P18 Advanced settings gated behind credit card No card = basic presets + included pool only. Card = full model catalog + premium metered billing.
P19 Included token pool covers cheap models only Pool only draws from 5 included models. Premium models always metered to card separately.
P20 Overage markup tiered (35%/25%/20%) When pool runs out: high markup on cheapest models (invisible), low markup on top included models.

11. Open Questions

  1. OpenRouter Enterprise tier — At what volume do we qualify for bulk discounts (reducing or eliminating the 5.5% platform fee)?

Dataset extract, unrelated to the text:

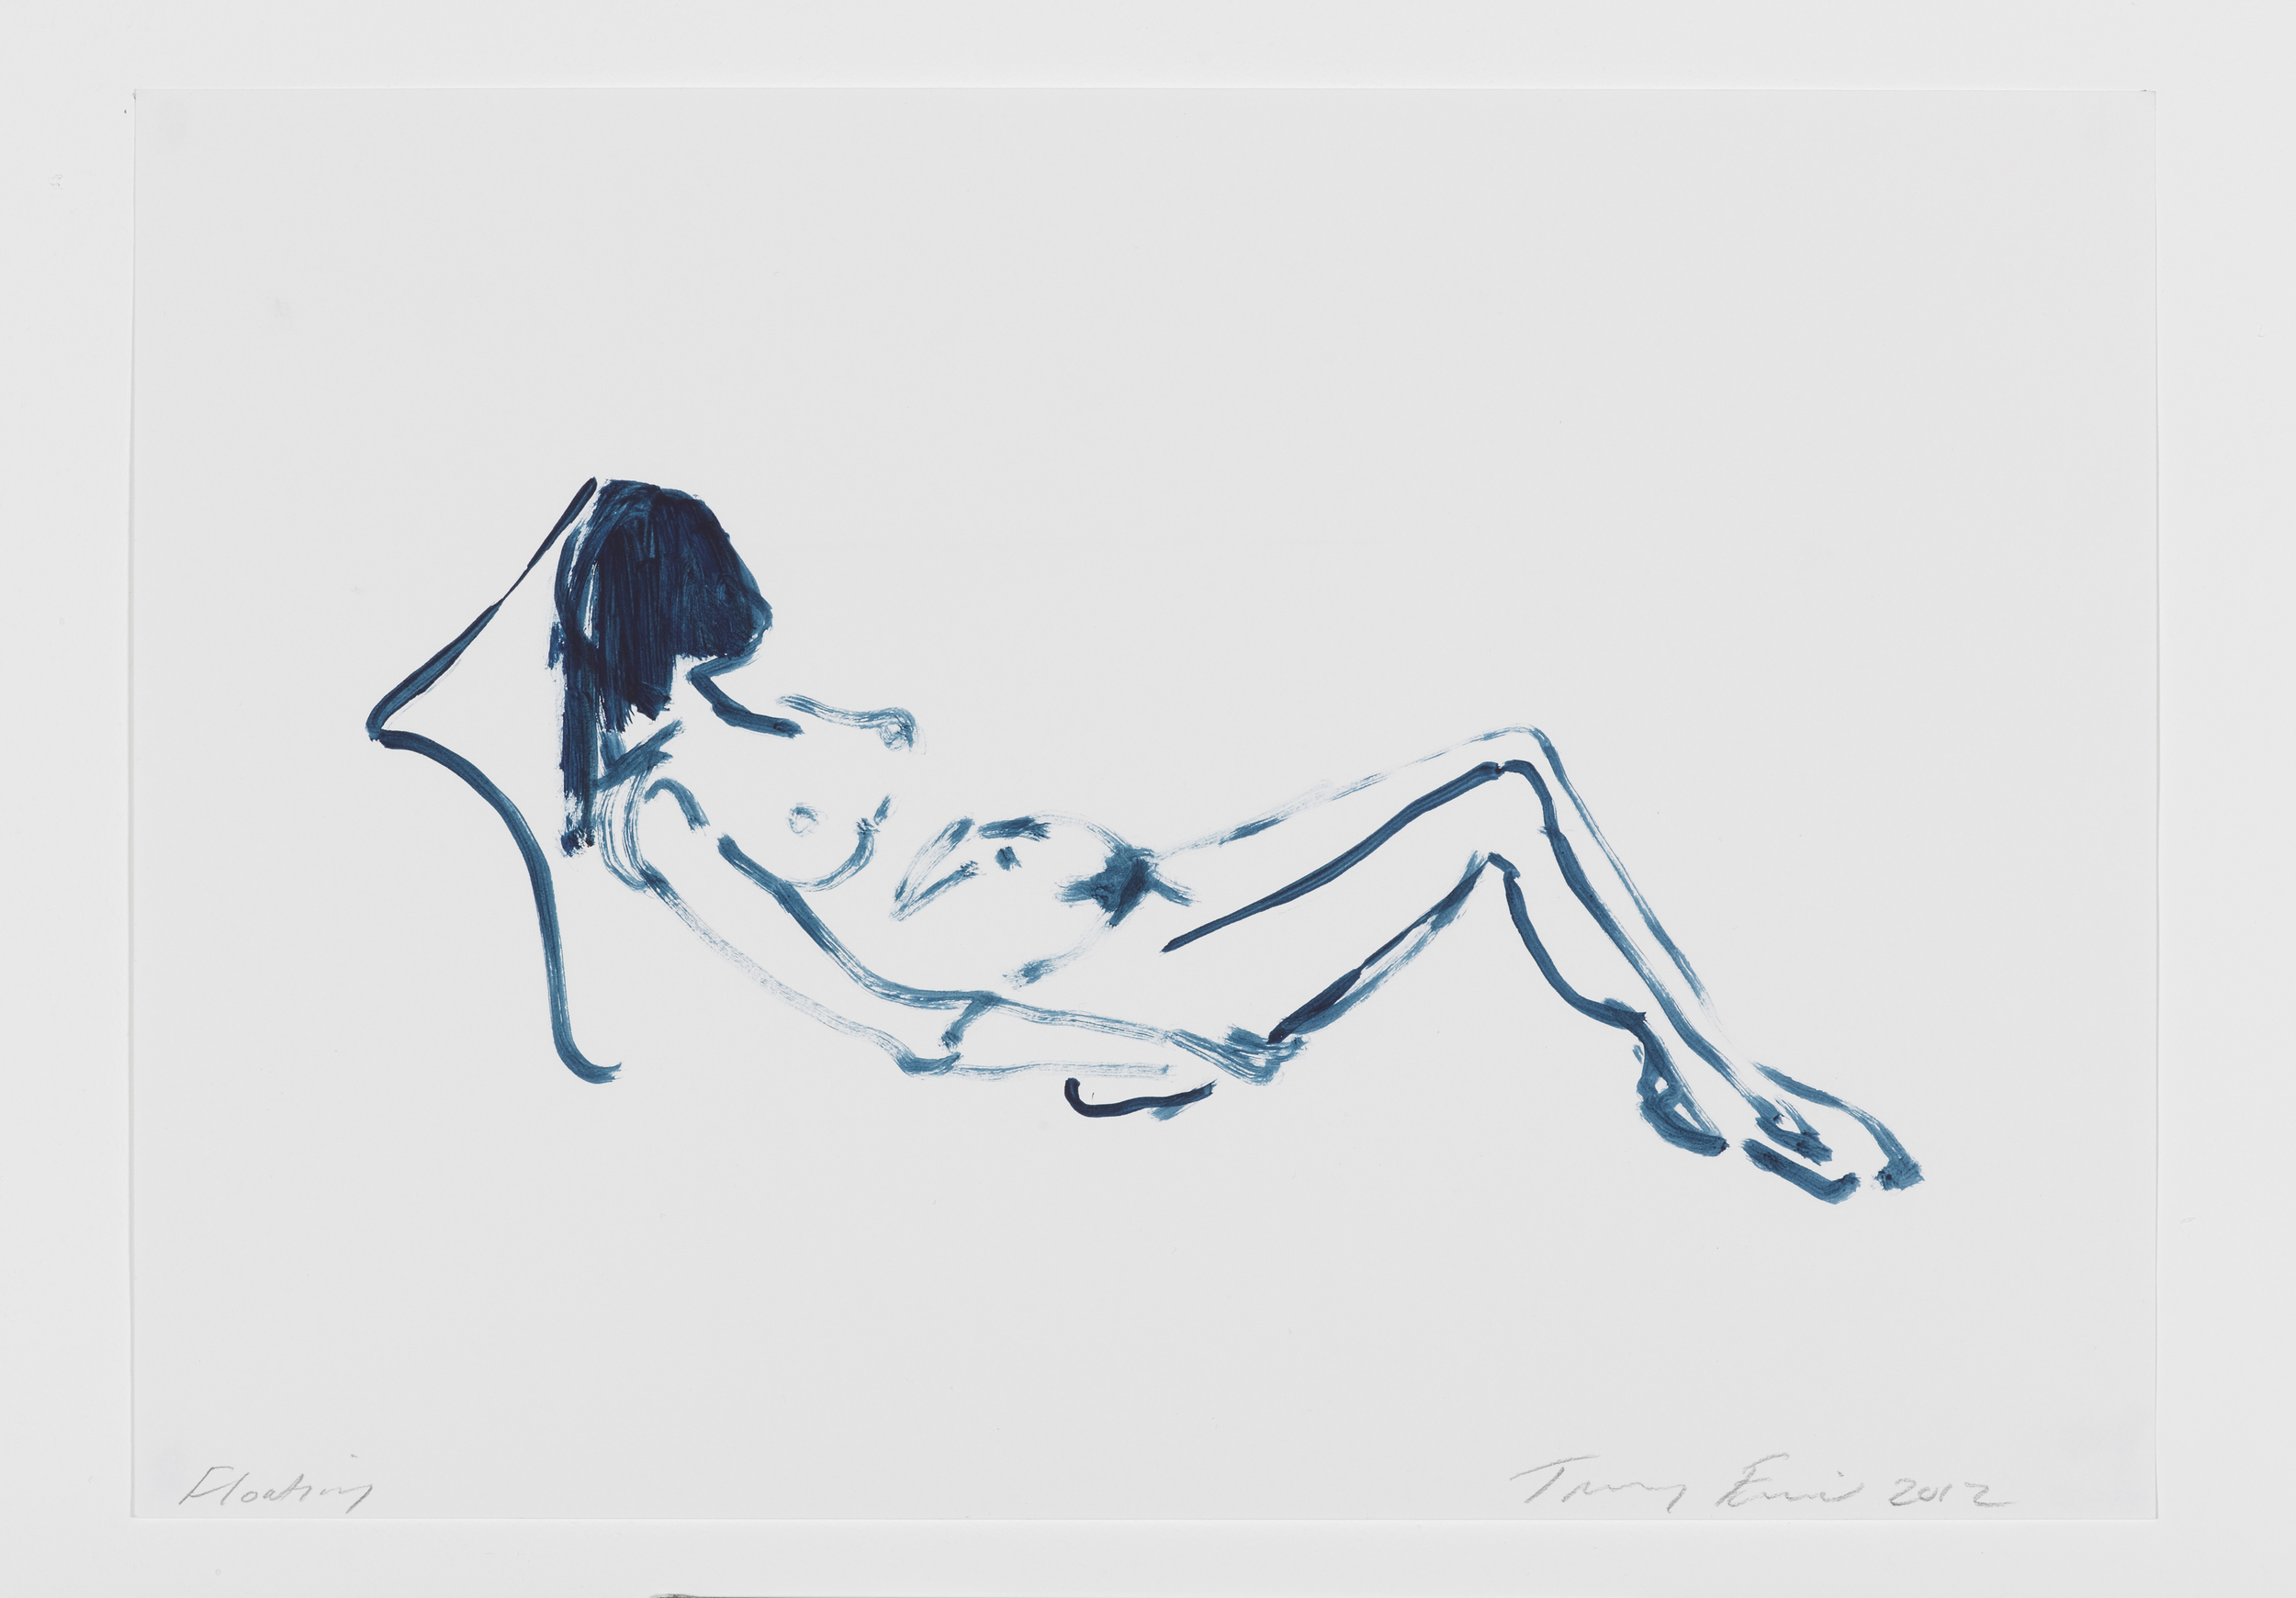 Tracey Emin, Floating, 2012

This could add 3-5pp to our AI margins at scale.
  2. Overage billing vs. hard cap — When included tokens run out, do we auto-pause (friction) or auto-bill overages (revenue)? Recommendation: auto-bill with clear in-app warnings at 80% and 95%.
  3. Concurrent agent execution limits — If VPS resource contention becomes an issue, define per-tier concurrent task limits (e.g., Build: 3, Scale: 5, Enterprise: 10).
  4. Gemini 3 Flash GA pricing — Currently "Preview" pricing. Monitor for changes when it exits preview.
  5. GLM 5 cost management — Now included (Complex Tasks preset). At $1.677/M, it's the most expensive included model and the primary margin pressure driver. Monitor actual Complex Tasks preset usage — if > 25% of token consumption, margins compress significantly. Consider smart routing that favors MiniMax M2.5 ($0.697/M) for less demanding "complex" tasks.

12. Next Steps

  1. Update Foundation Document to v0.7 with three-tier structure, unlimited agents, updated model lineup.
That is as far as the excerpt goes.